:: Your instructions ::
Retype all data exactly as given. Pictures should not be retyped.

:: Data shown ::
═══
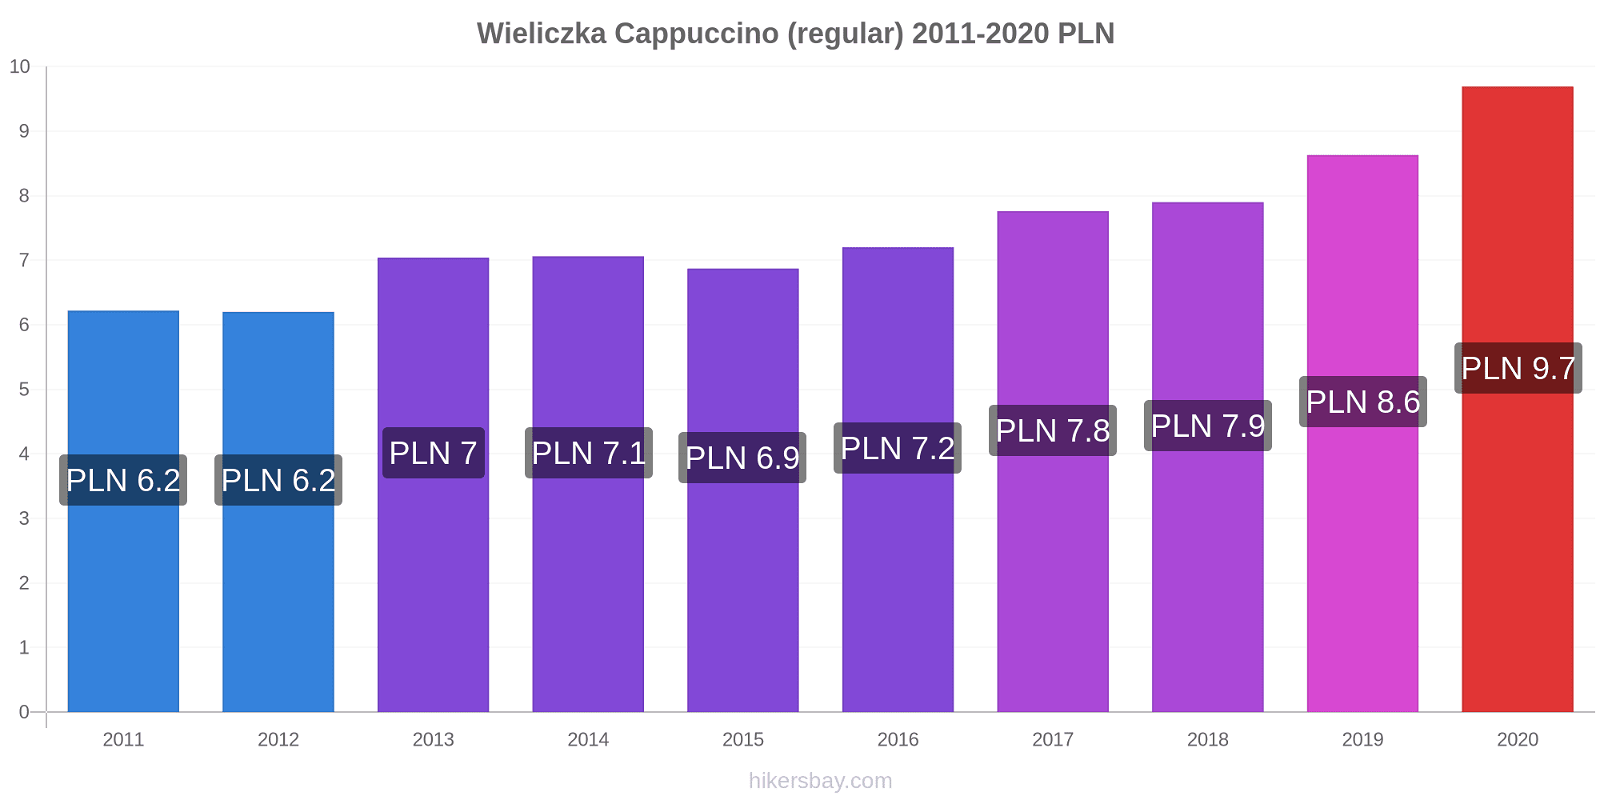 Wieliczka price changes Cappuccino (regular) hikersbay.com
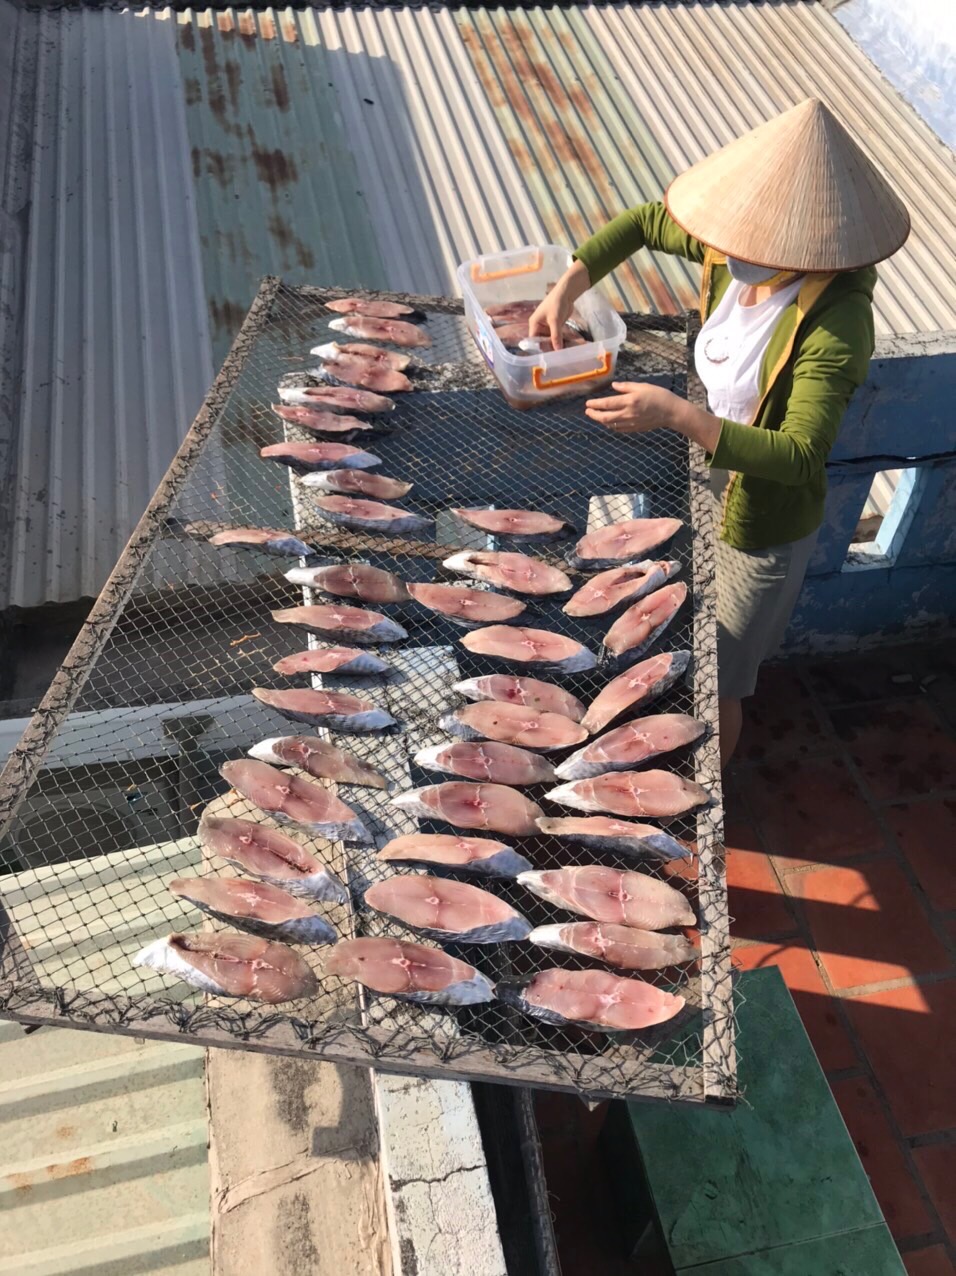 Những mẻ cá thu được chị Trần Thị Hải thu gom từ Nghệ An vào bán cho khách.
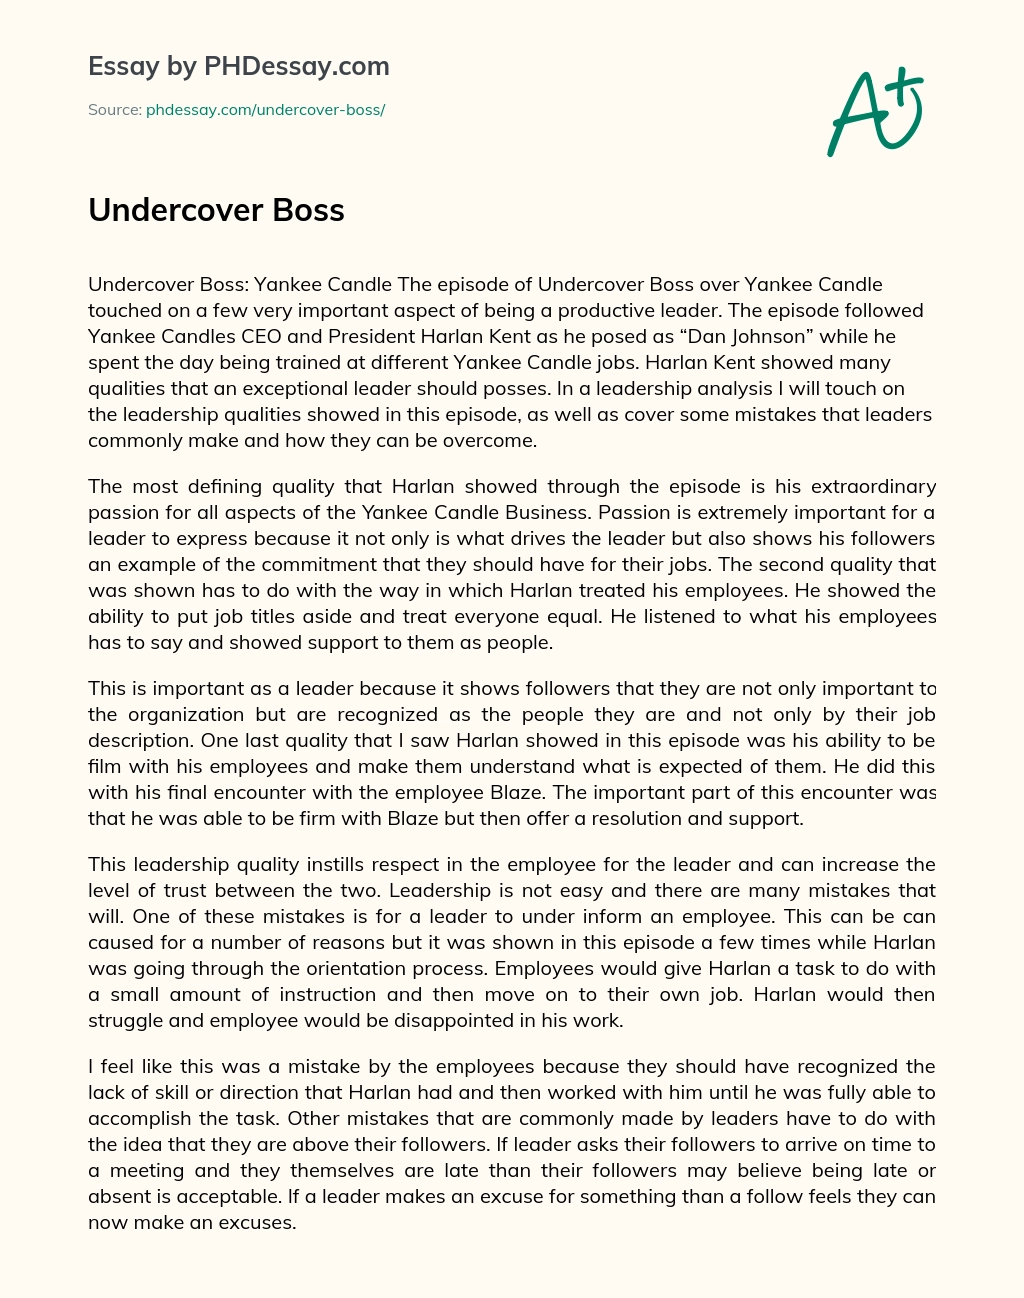 Undercover Boss essay
═══
:: Response ::
 Wieliczka price changes Cappuccino (regular) hikersbay.com
 Những mẻ cá thu được chị Trần Thị Hải thu gom từ Nghệ An vào bán cho khách.
 Undercover Boss essay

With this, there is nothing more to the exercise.